Benefits to a database relative to traditional method like importing excel or csv files:
Efficient storage and retrieval: relational database is designed to reduce the redundancy of data, which means you can store large amount of information with much smaller sizes compared to excel, csv file
Unlimited rows/ records:it is only limited by the hard drive capacity of the devices that the database is stored on, compared to excel which only allows for a million rows
Always up-to-date: if you connect directly to the data source as data gets edited, added, or deleted, you don’t need to go and ask somebody for the updated file. You simply redo your query and you immediately access the most relevant information
Allows real-time collaboration: Multiple users can work with a database simultaneously from different locations
Enhanced data privacy
Authentication protocols
These two last things become much more an issue regarding GDPR regulations. A database is designed to allow some information to be stored separately from other pieces of information and then be joined together only by personnel that are able to access them, so the database has better user permission than Excel, or csv file in which once somebody has the file, they have all the data.

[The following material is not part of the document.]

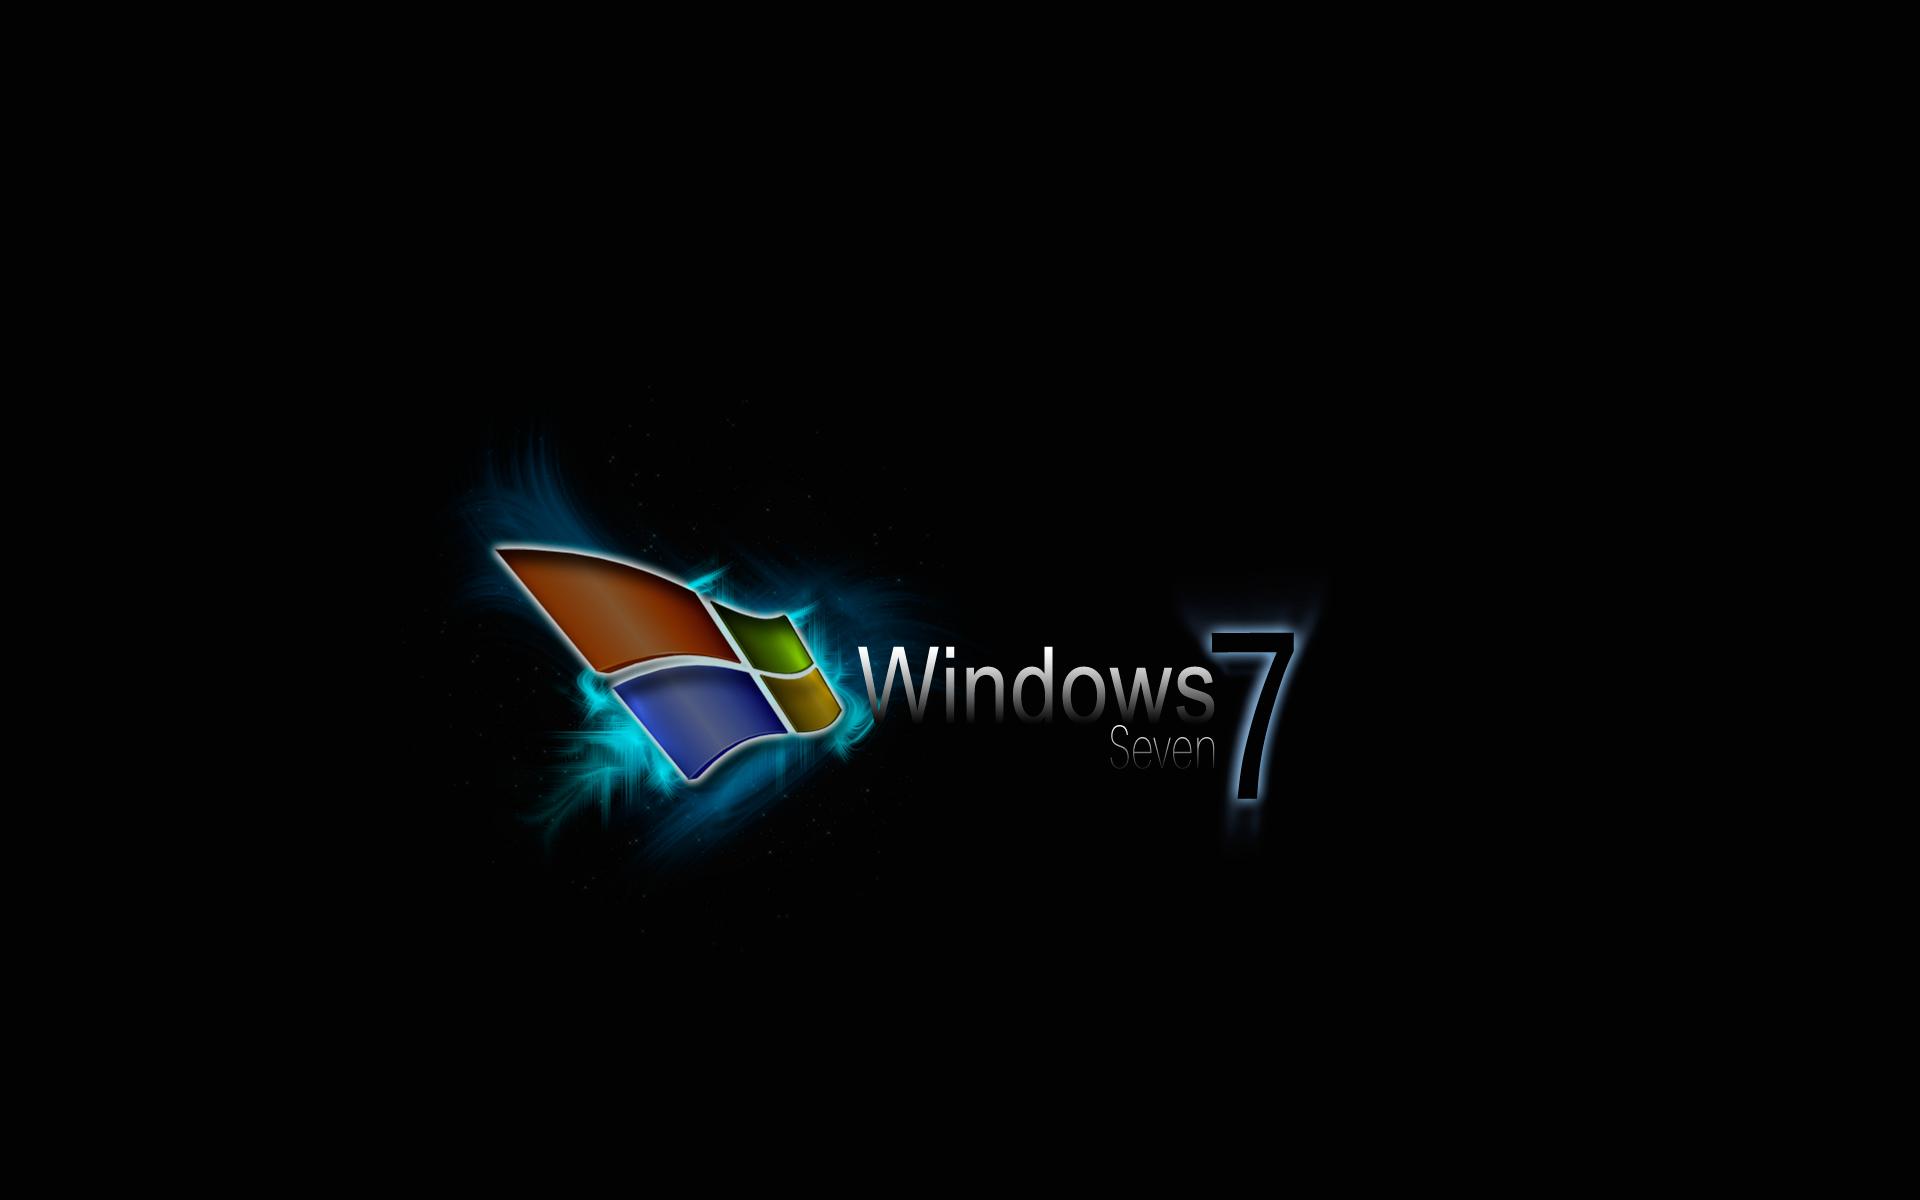 Unduh 700 Wallpaper Bergerak Windows 7 Ultimate HD Terbaik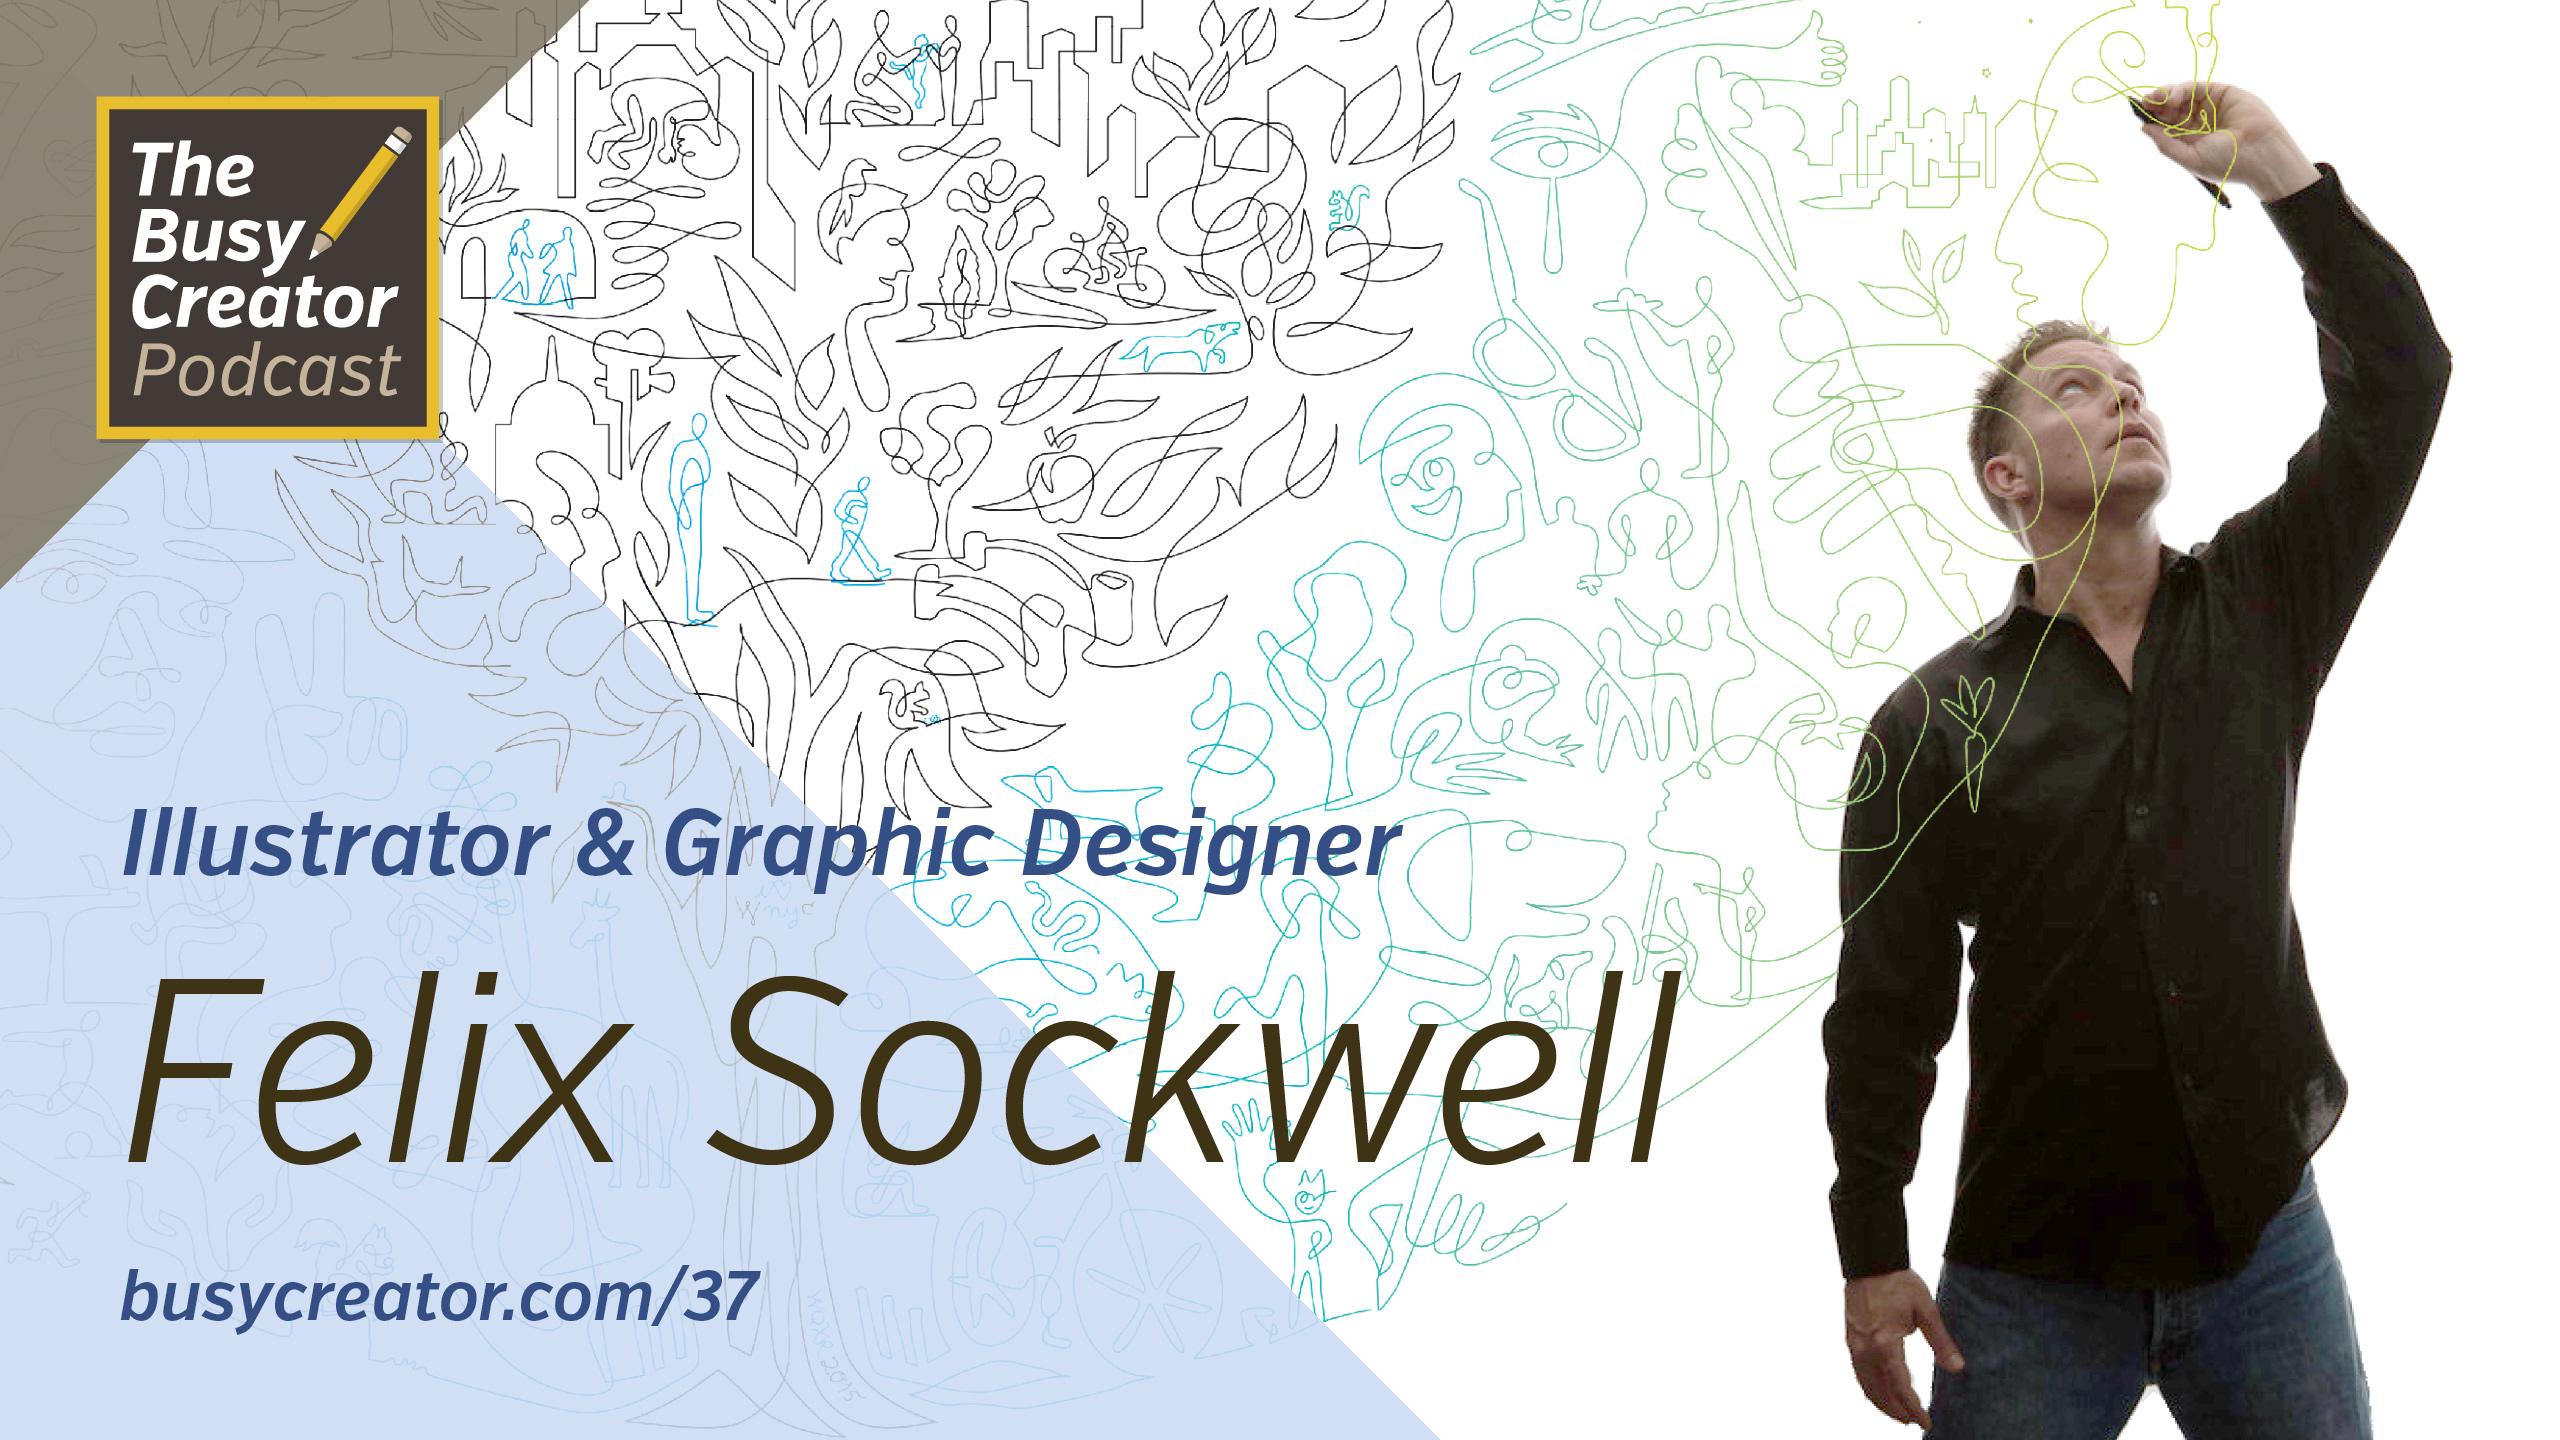 Illustrator & Graphic Designer Felix Sockwell Shares Career Journeys and Productivity Habits

The downside of database is that it is more complex to set up and administer, to manage and maintain. It usually requires technical training to be able to do that.
There are lots of different SQL databases out there. You may have heard of databases like MySQL, PostgreSQL, MS Access, SQLite, etc
SQLite is simple, each database is just a single file that you can move and store in all of the usual ways that you can be will any other files, and as a result, it works basically anywhere with almost no setup. It’s great for relatively small projects up to several million rows that don’t require simultaneous data entry by multiple people
But if you already have SQL database set up, learning SQL to access these data is greatly useful. SQL is a language used to query or retrieve data from a relational database
SQL statements fall into 2 main categories: Data Definition Language (DDL) statements and Data Manipulation Language (DML) statements. DML statements like INSERT, SELECT, UPDATE, and DELETE are used to read and modify data. DDL statements (e.g., CREATE, ALTER, DROP) are used to define, change or delete database objects, such as tables, not the data within tables
DBI and odbc packages#install.packages("odbc") # contain drivers to connect to a database
#install.packages("DBI") # contain functions to interact with database
library(odbc)
## Warning: package 'odbc' was built under R version 4.4.3
library(DBI)
## Warning: package 'DBI' was built under R version 4.4.3
As you don’t have already have database, now you create it to practice with SQL commands to query
data("population")
data("who")
After running this, you have 2 data frames in your R environment
The first step with using any database from R is then to connect to that database
con = dbConnect(drv = RSQLite::SQLite(), # specify driver to translate between R and the database
dbname = ":memory:")
dbConnect() function is used to create a connection to a
database. RSQLite::SQLite() tells R to use SQLite, a
lightweight database engine. dbname = ":memory:"means you
are creating a temporary in-memory database, which means it only exists
while R session is running; nothing is written to disk. con
is database connection object.
dbWriteTable(conn = con, # tell R which database connection to use
name = "population", # give the table a name inside the database
value = population # the data frame you want to save
)
dbWriteTable(conn = con,
name = "who",
value = who)
After this step, your database contains 2 tables:
population and who
rm(who, population) # remove objects from R environment
Now, the only copy of who and population
data frames is in SQLite database, not in your R environment
# list tables in con database
dbListTables(con)
## [1] "population" "who"
Preview a table in a database
# extract a table from a source
tbl(src = con,
"who")
You can execute SQL query using 3 below methods, which will produce identical results. You can choose either based on your preference.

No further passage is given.